Jordan Beswick ran out the front door, circled around to the back of his townhouse, waited, then ambushed a burglar trying to escape through a bedroom window. Citing Florida’s nebulous self-defense law, his lawyer claimed it was a righteous kill. Beswick stood his ground.
It happened last Monday evening. The Herald’s David Ovalle reported that Beswick, gun at the ready, surprised a burglar breaking into the northeast Miami-Dade townhouse where he lived with his mother. Beswick fired seven shots, chasing the unarmed intruder into a back bedroom.
It was then that Beswick stretched the definition of “standing” his ground. The 19-year-old ran around to the backyard, waited there in the dark for about three minutes, then let loose another volley — police say at least eight shots — when the burglar appeared in the rear window.
A petty criminal named Bryan Antonio DeJesus, 22, fell back into the bedroom, fatally shot.
Police charged Beswick with second degree murder. (Audrey Lewis, Beswick’s mother, told Ovalle on Saturday that their home had been broken into in August. She insisted that her son was protecting their property).
At his preliminary hearing on Thursday, Beswick’s defense lawyer argued that his client “had the absolute right to defend himself inside his own home.”
Except Beswick wasn’t actually “inside his own home” when the fatal shooting occurred. He didn’t pause to call the police. He fired the second round of gunshots at a burglar who, by then, seemed only intent on getting the hell out of there. The shooting hardly resembled what most states would classify as justifiable homicide.
But in Florida, Beswick just might have a plausible defense.
His lawyer, Gawane Grant, cited our infamous Stand Your Ground law, the 2005 revamp of the state’s self-defense law so loosely written that its interpretation seems to vary from county to county, courtroom to courtroom.
Under Stand Your Ground, the shooter is “presumed to have held a reasonable fear of imminent peril of death or great bodily harm” when: “The person against whom the defensive force was used was in the process of unlawfully and forcefully entering, or had unlawfully and forcibly entered, a dwelling, residence, or occupied vehicle.”
Doesn’t matter if the intruder’s unarmed, unthreatening and hell bent on retreat, he’s still “presumed to be doing so with the intent to commit an unlawful act involving force or violence.”
In this case, a judge must now decide whether this presumption still applied after Beswick left his home and took up a stealthy position outside the rear window, ready to shoot. Of course, DeJesus was still inside the premises. Maybe that small technicality provides enough cover to exempt young Beswick from prosecution. Certainly, killers with even more tenuous self-defense claims have found sanctuary in the elastic presumptions of Stand Your Ground.
In 2009, a gangbanger firing from the passenger seat of a car in a high-speed rolling shootout along Old Cutler Road managed to kill the driver in the other car. Yet, the shooter dodged a murder charge, thanks to Stand Your Ground. In 2011, 26-year-old Greyston Garcia chased a car burglar down a Liberty City block and stabbed him to death. A judge, invoking Stand Your Ground, shrugged off the killing as justifiable homicide. Garcia walked.
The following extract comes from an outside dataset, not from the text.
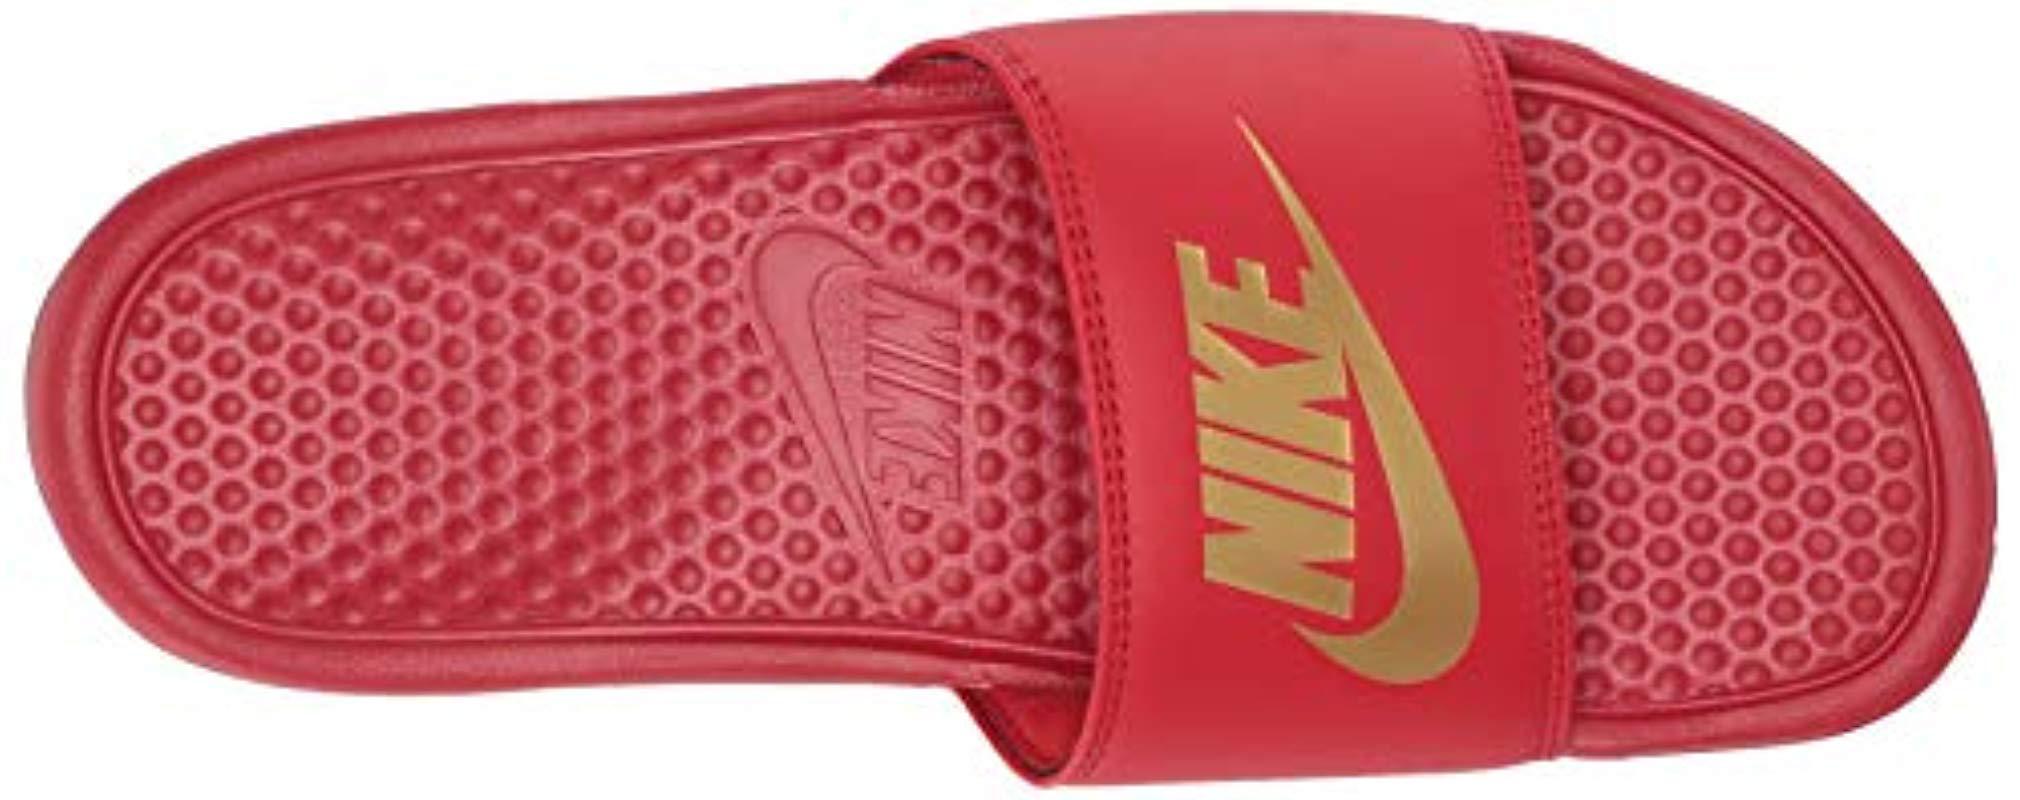 Nike Synthetic Benassi Just Do It Athletic Sandal in University Red/Metallic  Silver (Red) for Men | Lyst

The clumsily written self-defense revamp was passed in 2005 at the behest of the NRA even though the jury system had been doing a fine job of keeping folks with a justifiable self-defense claim from going to prison. But the new law now allows a defendant to raise Stand Your Ground arguments, and a demand for dismissal, at a pre-trial hearing. Getting rid of jurors eliminated a lot of common sense from the proceedings.
Judicial decisions, under the new law, have varied wildly.
Last month, a Broward judge decided that James Patrick Wonder, 70, couldn’t escape homicide charges via Stand Your Ground. Wonder, who was physically frail, had shot down 52-year-old Donald Pettit in Pembroke Pines back in 2008 after Pettit had chased him down in a road rage incident, exited his car and angrily approached the older man. Yet, the judge stated, “The Court finds that Wonder unreasonably assumed that Pettit was a thug and that Pettit, although angry and yelling at Wonder, made no physical threats or verbal statements that could be reasonably interpreted to indicate that violence was imminent.”
Wonder, of course, claimed to be terrified. Which would have been enough in some courtrooms. But his real problem was that Pettit was an off-duty (and out of uniform) U.S. Customs and Border Protection agent. If Wonder had been chased down by, say, an unemployed 20-year-old black kid, I’m guessing Stand Your Ground would have done the trick.
Certainly, defendants with less compelling arguments than James Wonder have escaped prosecution. Of course, when the law was passed, there was some fanciful notion that it would protect folks who, well, looked a lot like the NRA membership. You know. Law abiding gun-owners who only employ deadly force protecting themselves, their homes or their loved ones.
But a Tampa Bay Times analysis of actual Stand Your Ground cases (the newspaper was able to identify about 200) last summer indicated that the law more often provides a dandy legal defense for shady characters. The Times found that about 60 percent of those invoking Stand Your Ground had a previous criminal record. Forty percent had been arrested three or more times. About of third of those had been charged with violent crimes. Dozens had been up on drug charges.
About 70 percent of the killers invoking Stand Your Ground went free, including a shooter who killed two unarmed people and another who shot a man lying helpless on the ground. Other victims had been shot in the back. In a third of the cases, the defendants escaped prosecution although they initiated the fatal confrontation or pursued the victim or shot an unarmed person.
After the killing of young, unarmed Trayvon Martin in Sanford last year, another case muddled by Stand Your Ground, Gov. Rick Scott appointed a task force to study the controversial self-defense law. After six months, the task force came back with only a few tepid, minor recommendations.
The task force found nothing much wrong with the law. More than a few killers, standing their bloody ground, feel the same way.